- _Directions for this task_
Word for word, copy the entire listing below, but do not carry over any pictures.

- _Given records_
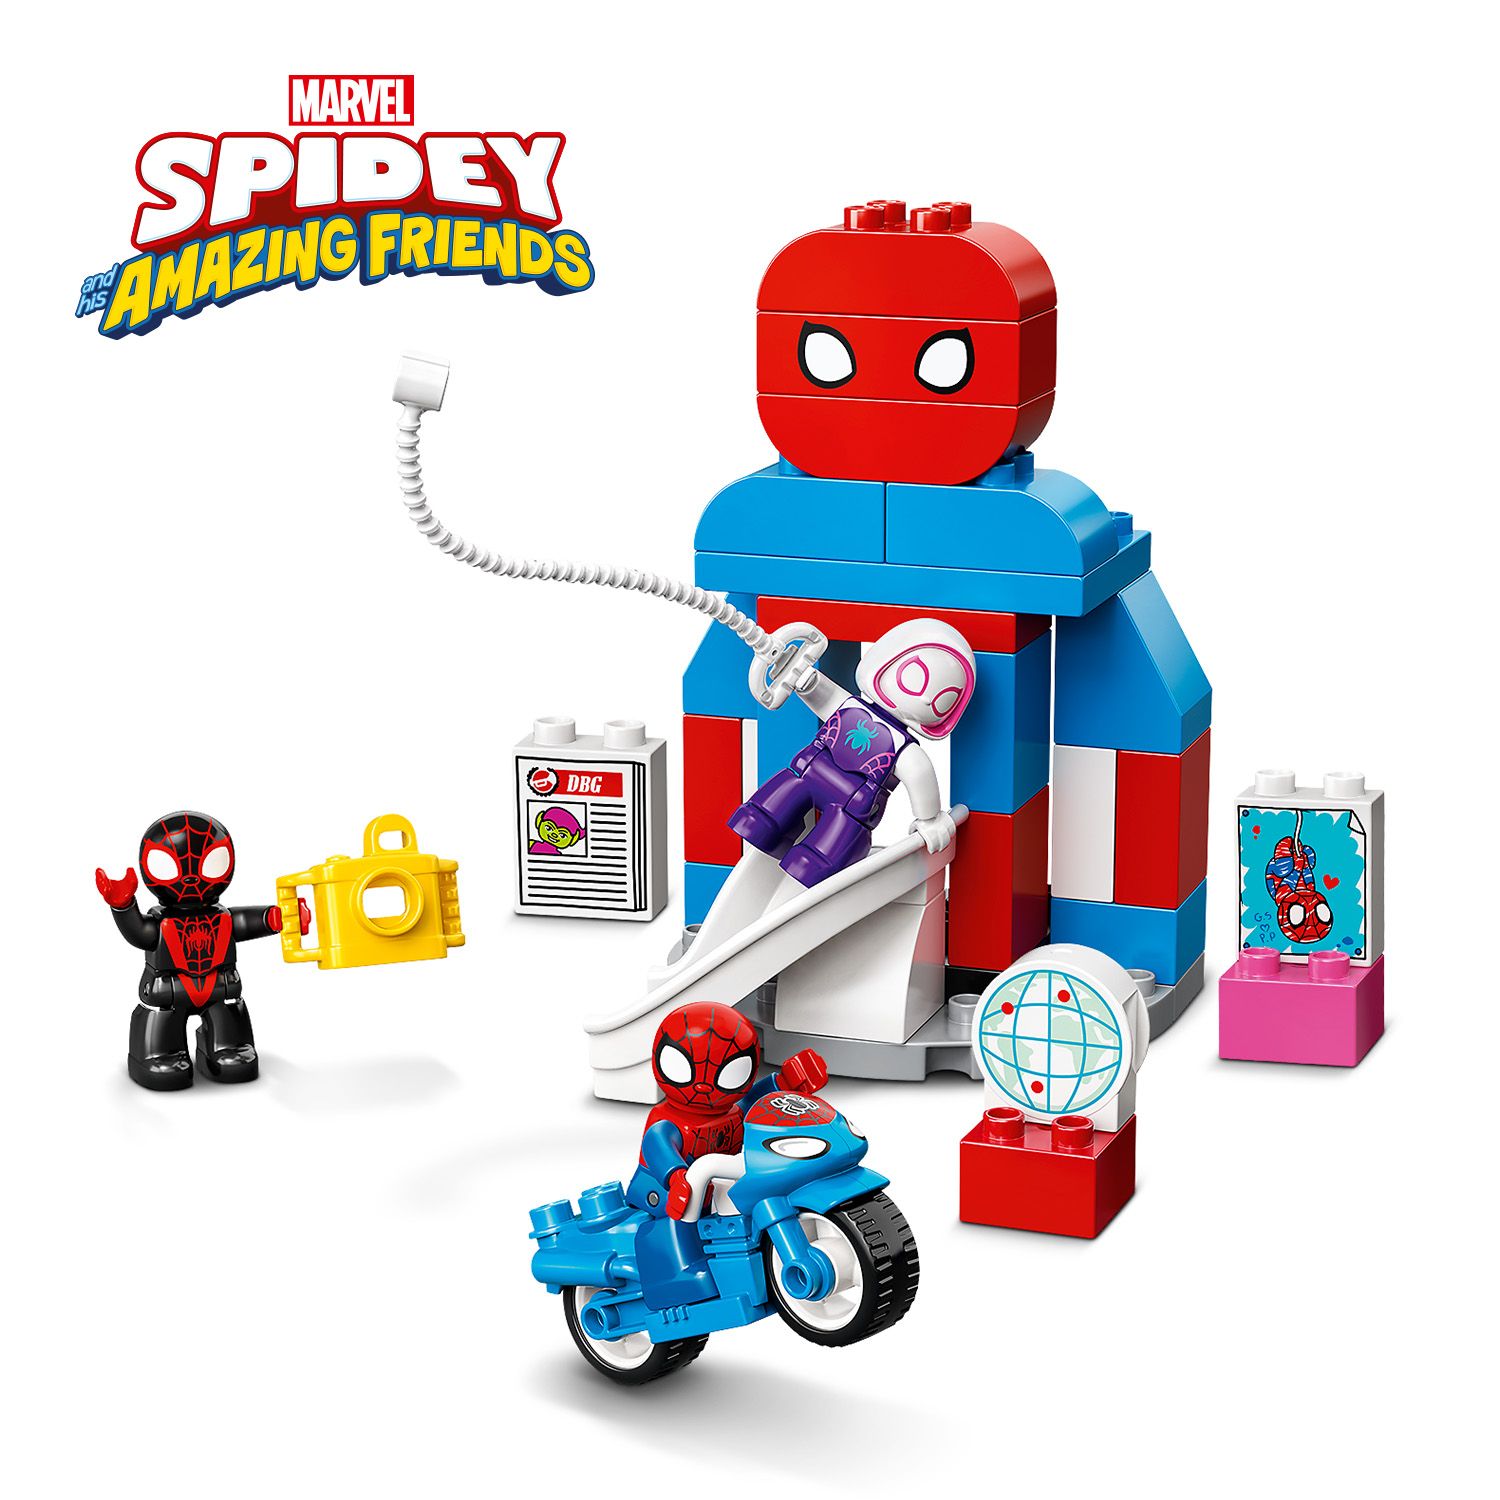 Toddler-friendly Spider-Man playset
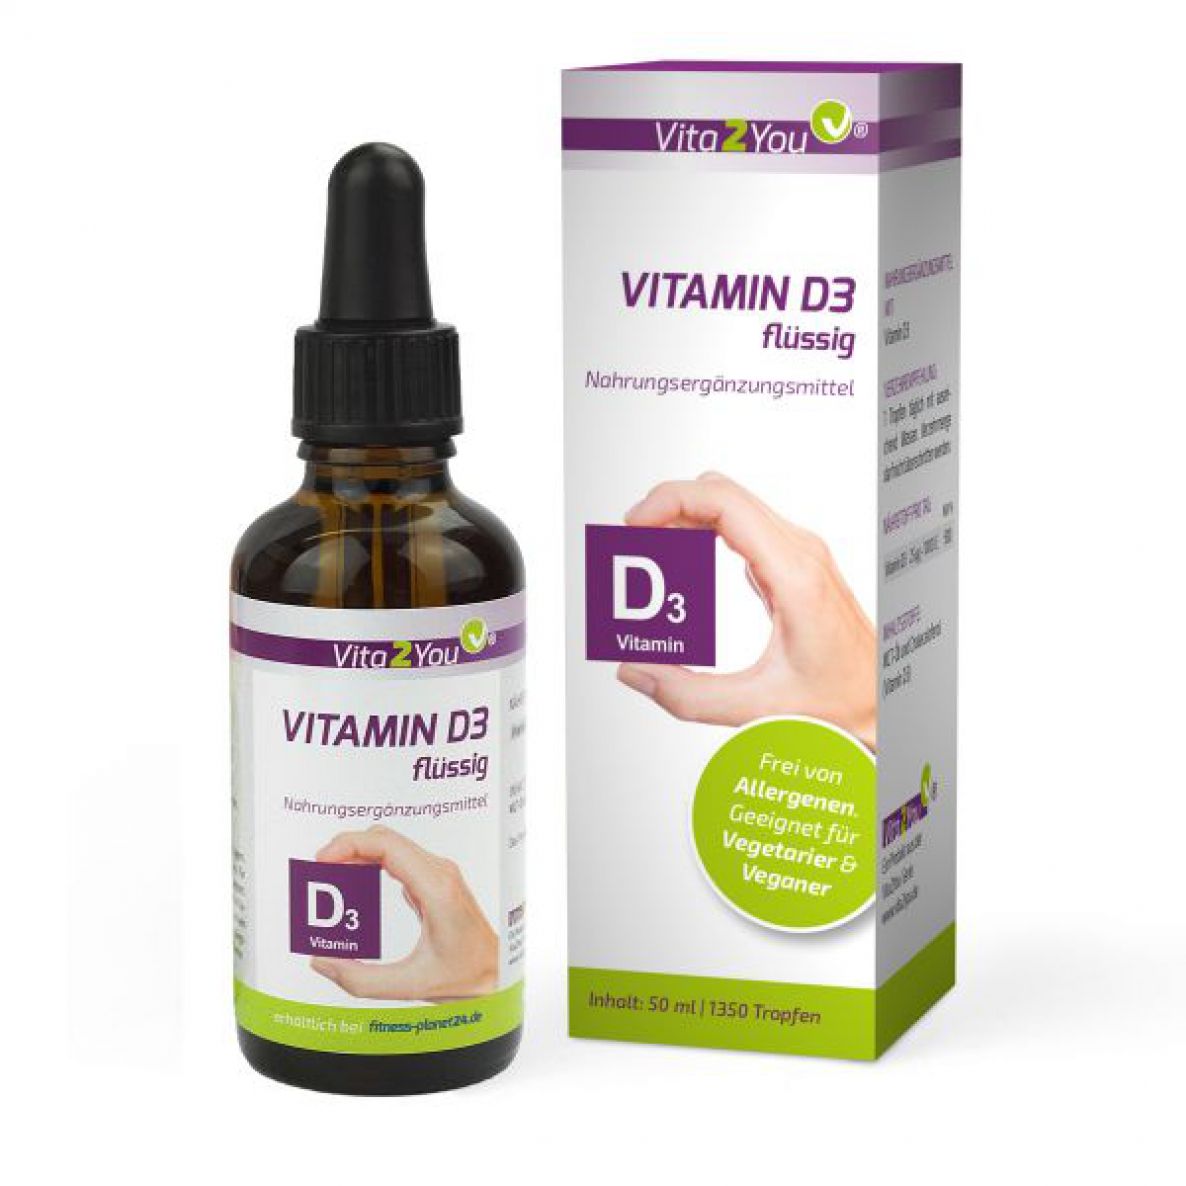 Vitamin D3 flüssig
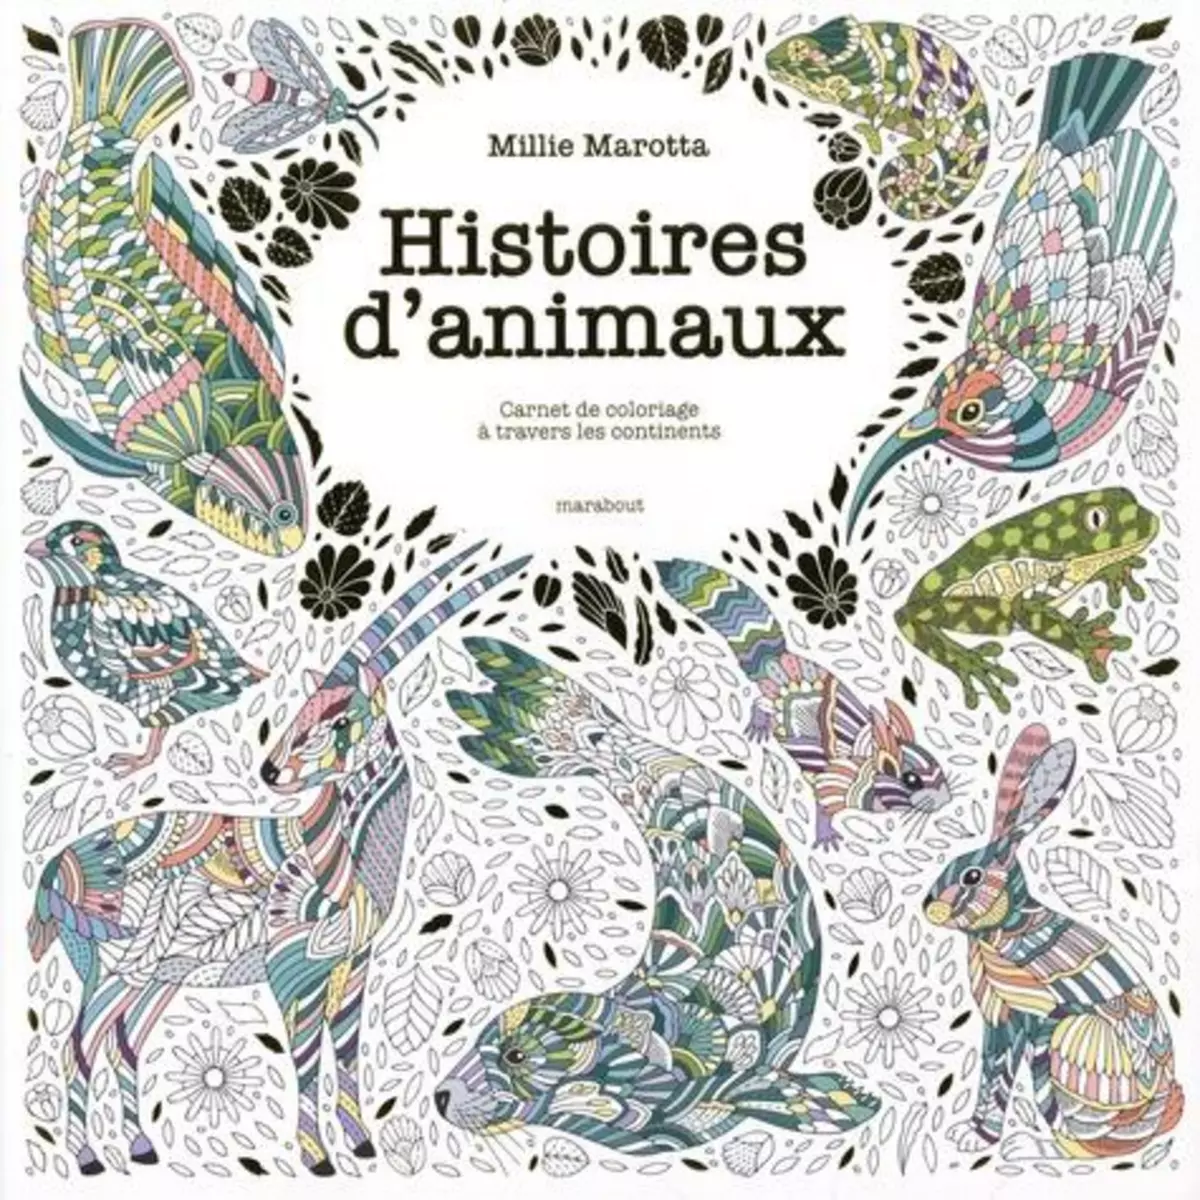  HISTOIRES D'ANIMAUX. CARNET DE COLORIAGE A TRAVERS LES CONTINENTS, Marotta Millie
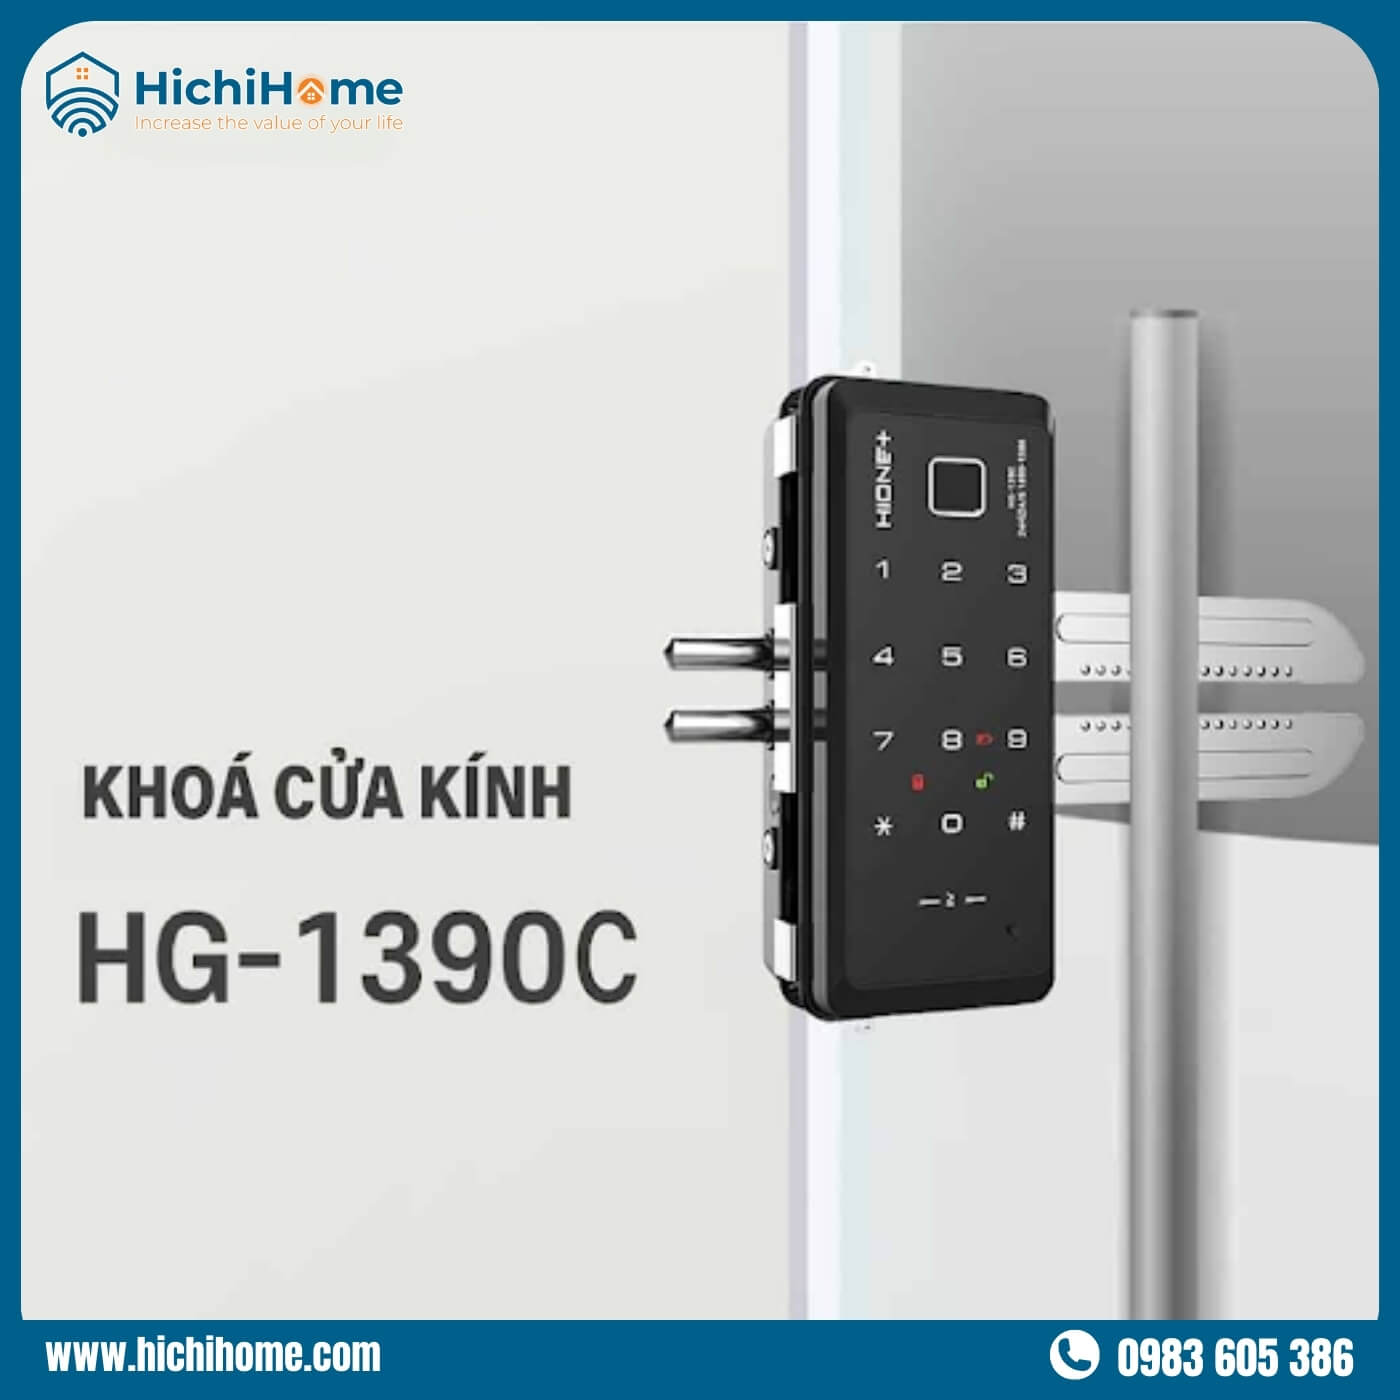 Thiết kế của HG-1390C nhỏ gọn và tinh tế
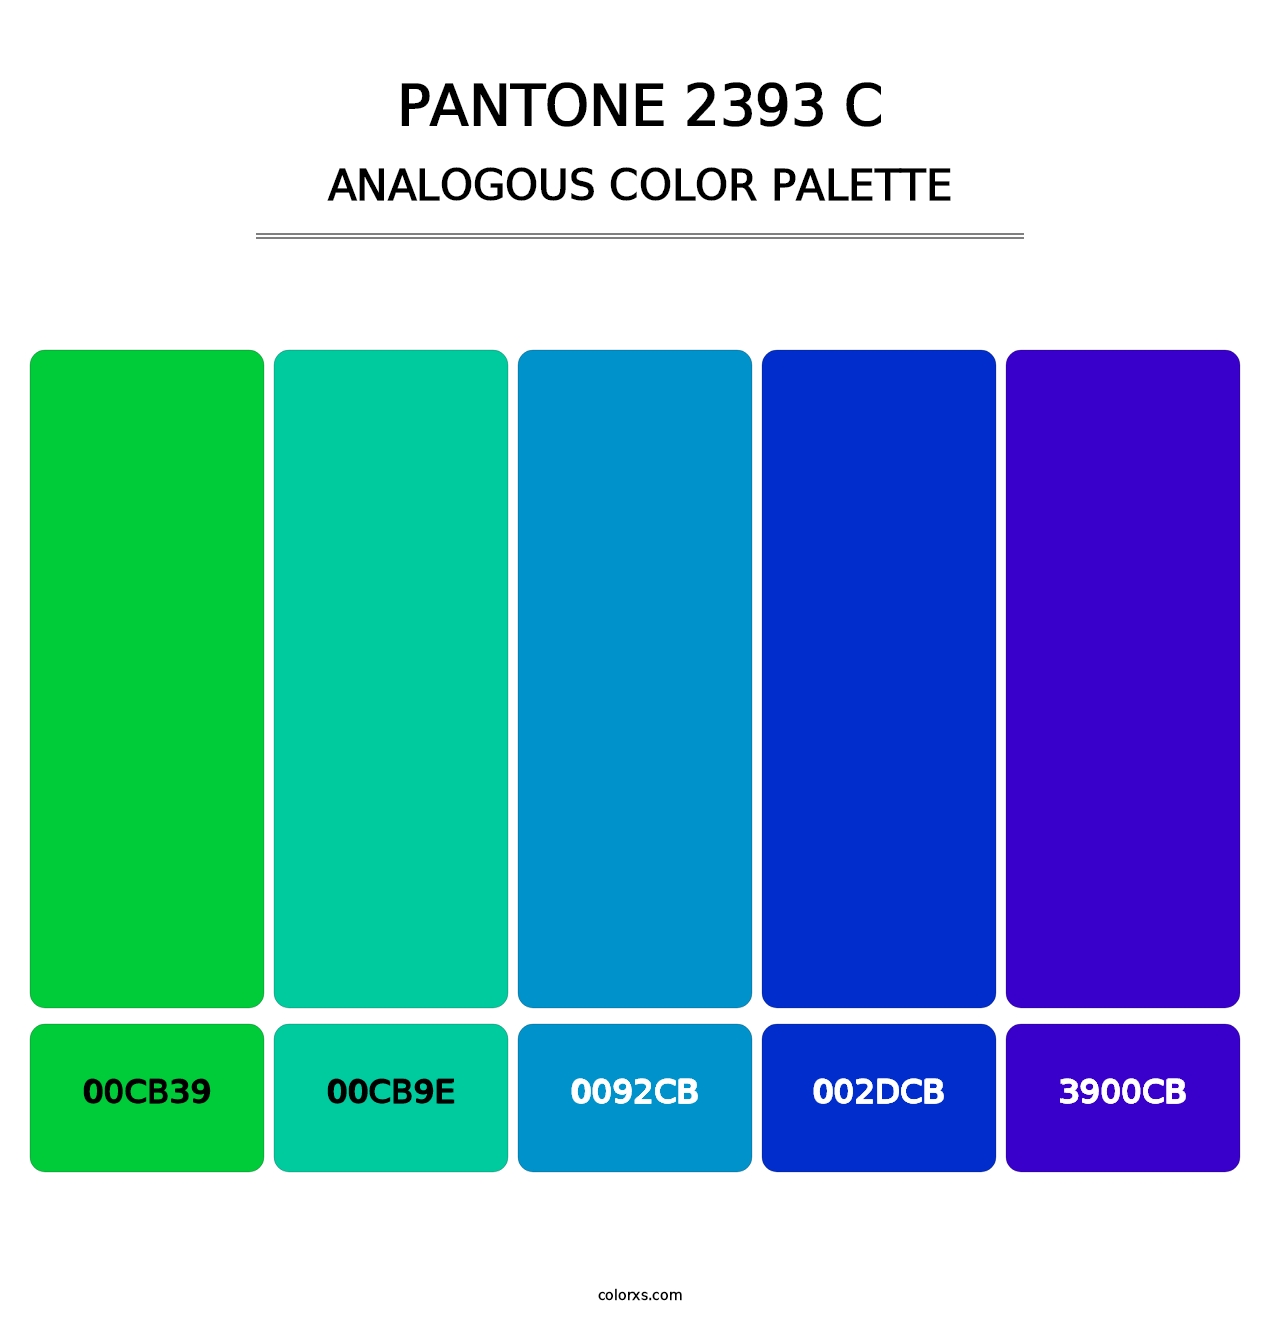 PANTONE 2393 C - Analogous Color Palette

- _Result for this task_
 Toddler-friendly Spider-Man playset
 Vitamin D3 flüssig
  HISTOIRES D'ANIMAUX. CARNET DE COLORIAGE A TRAVERS LES CONTINENTS, Marotta Millie
 Thiết kế của HG-1390C nhỏ gọn và tinh tế
 PANTONE 2393 C - Analogous Color Palette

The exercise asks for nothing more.